- Opening Delimiter -
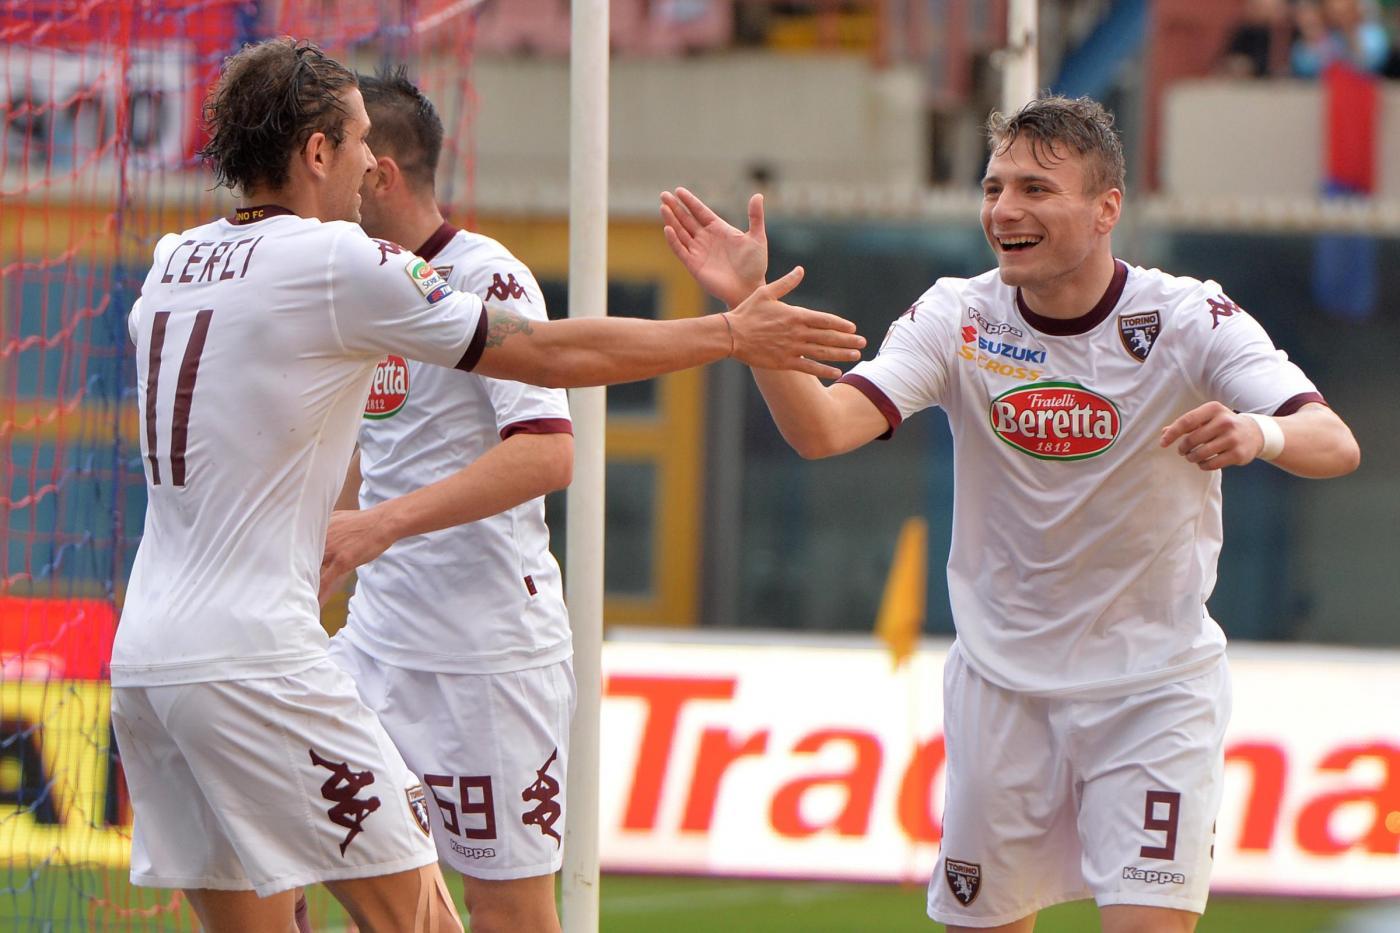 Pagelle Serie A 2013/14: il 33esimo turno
- Closing Delimiter -
- Opening Delimiter -
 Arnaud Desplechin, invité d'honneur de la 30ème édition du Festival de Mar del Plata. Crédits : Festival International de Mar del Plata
- Closing Delimiter -
- Opening Delimiter -
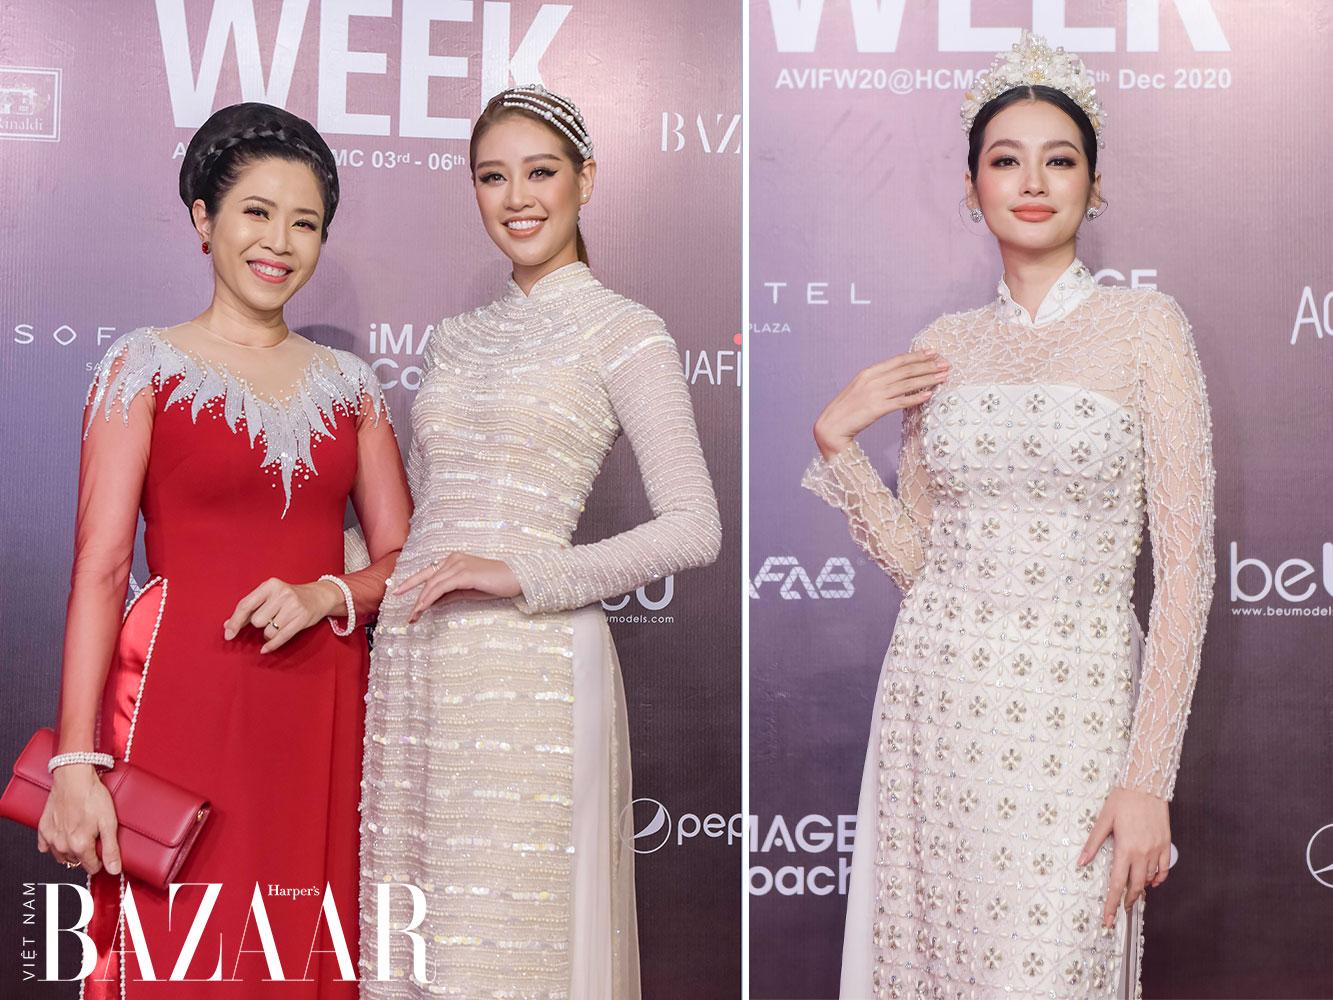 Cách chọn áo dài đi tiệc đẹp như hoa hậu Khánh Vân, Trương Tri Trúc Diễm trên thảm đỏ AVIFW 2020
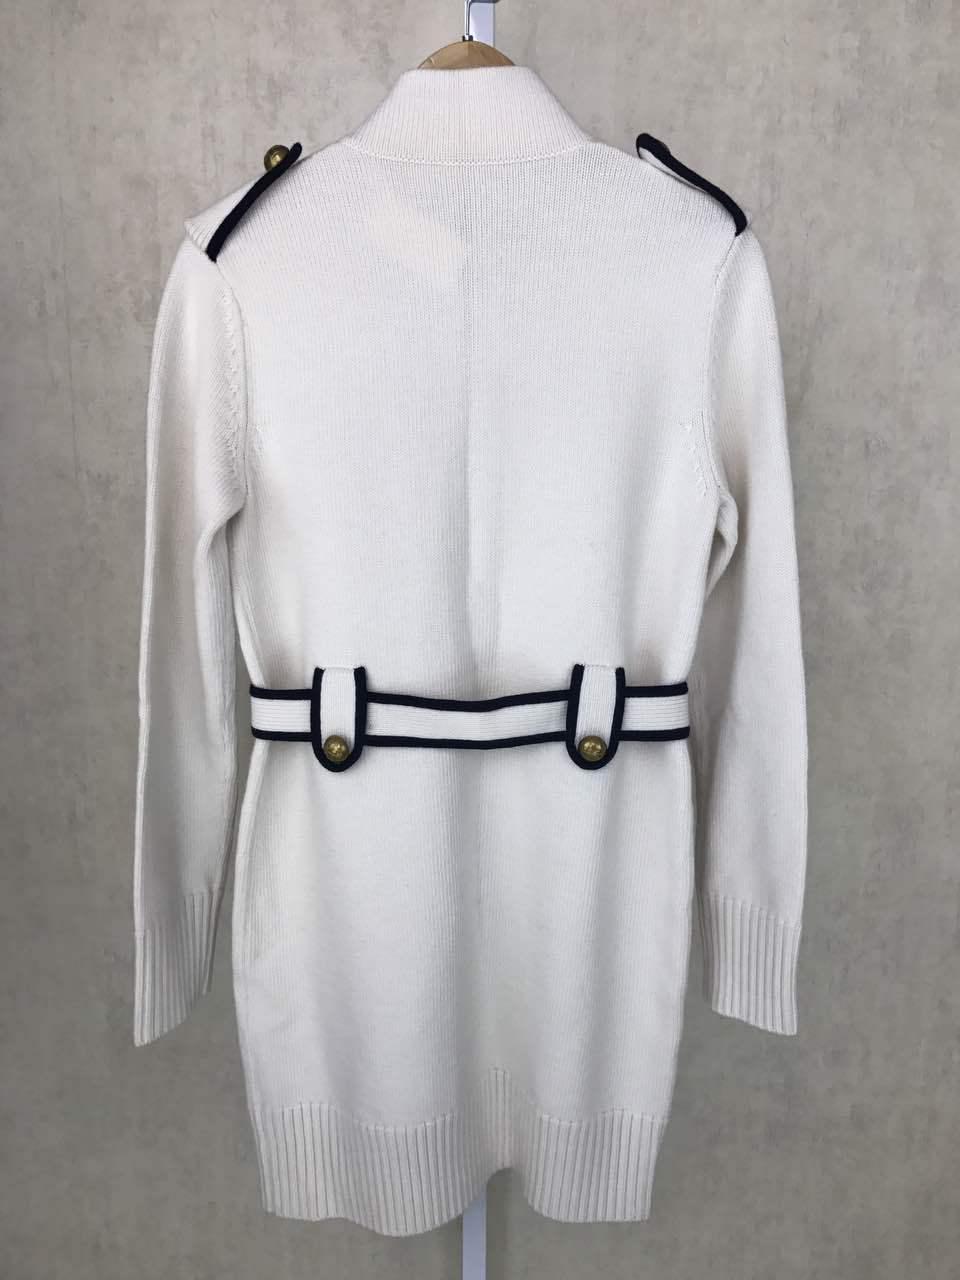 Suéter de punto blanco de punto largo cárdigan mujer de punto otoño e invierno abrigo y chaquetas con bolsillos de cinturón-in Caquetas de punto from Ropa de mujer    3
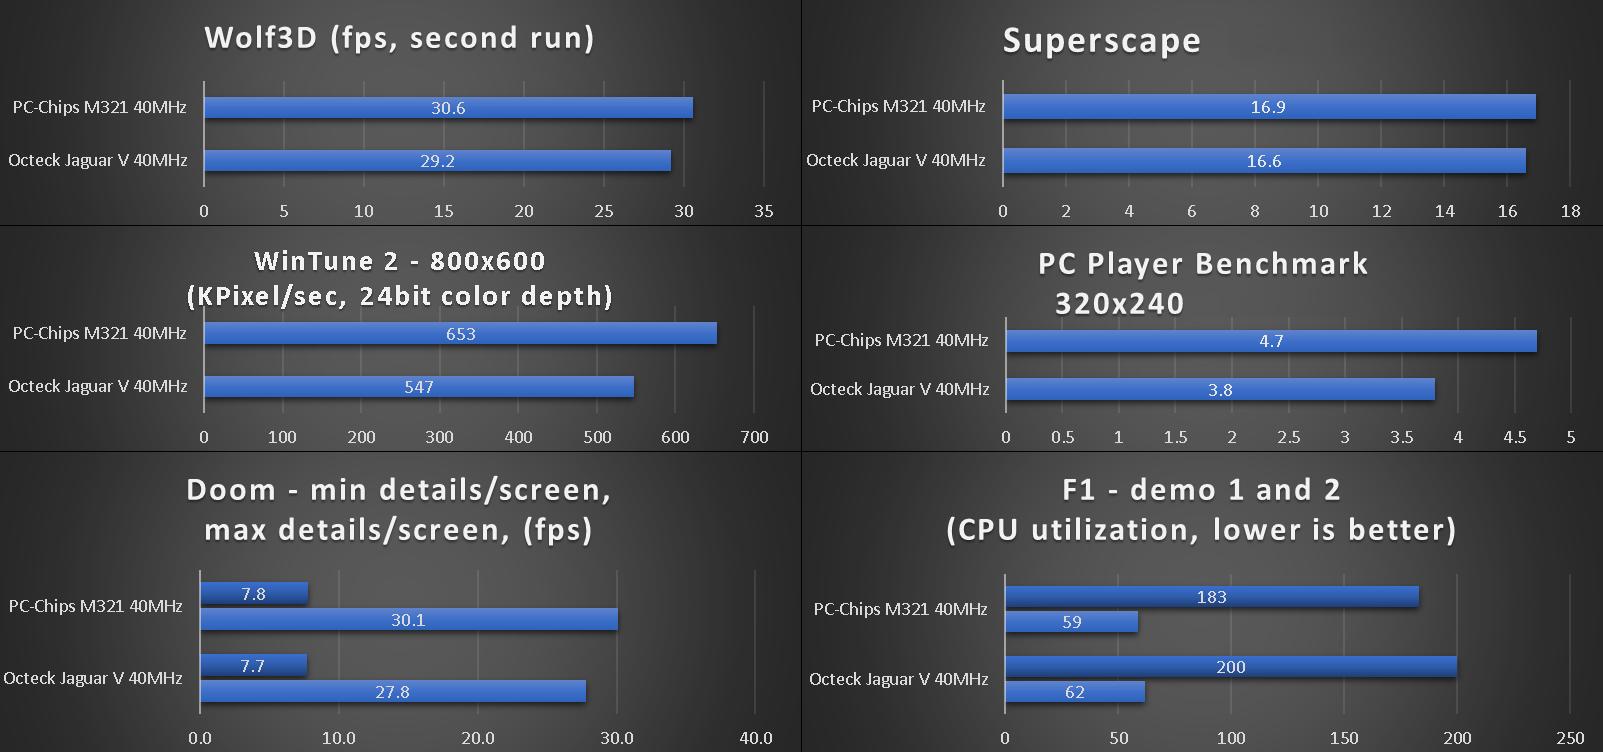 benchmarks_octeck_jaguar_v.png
- Closing Delimiter -
→ WHAT YOU NEED TO DO: Going by the entries above, repeat exactly the lines that start at the line with "Suéter de punto" and go on through the line with "benchmarks_octeck_jaguar_v.png". Pictures are not part of the copy.

→ PROBLEM SOLUTION:
 Suéter de punto blanco de punto largo cárdigan mujer de punto otoño e invierno abrigo y chaquetas con bolsillos de cinturón-in Caquetas de punto from Ropa de mujer    3
 benchmarks_octeck_jaguar_v.png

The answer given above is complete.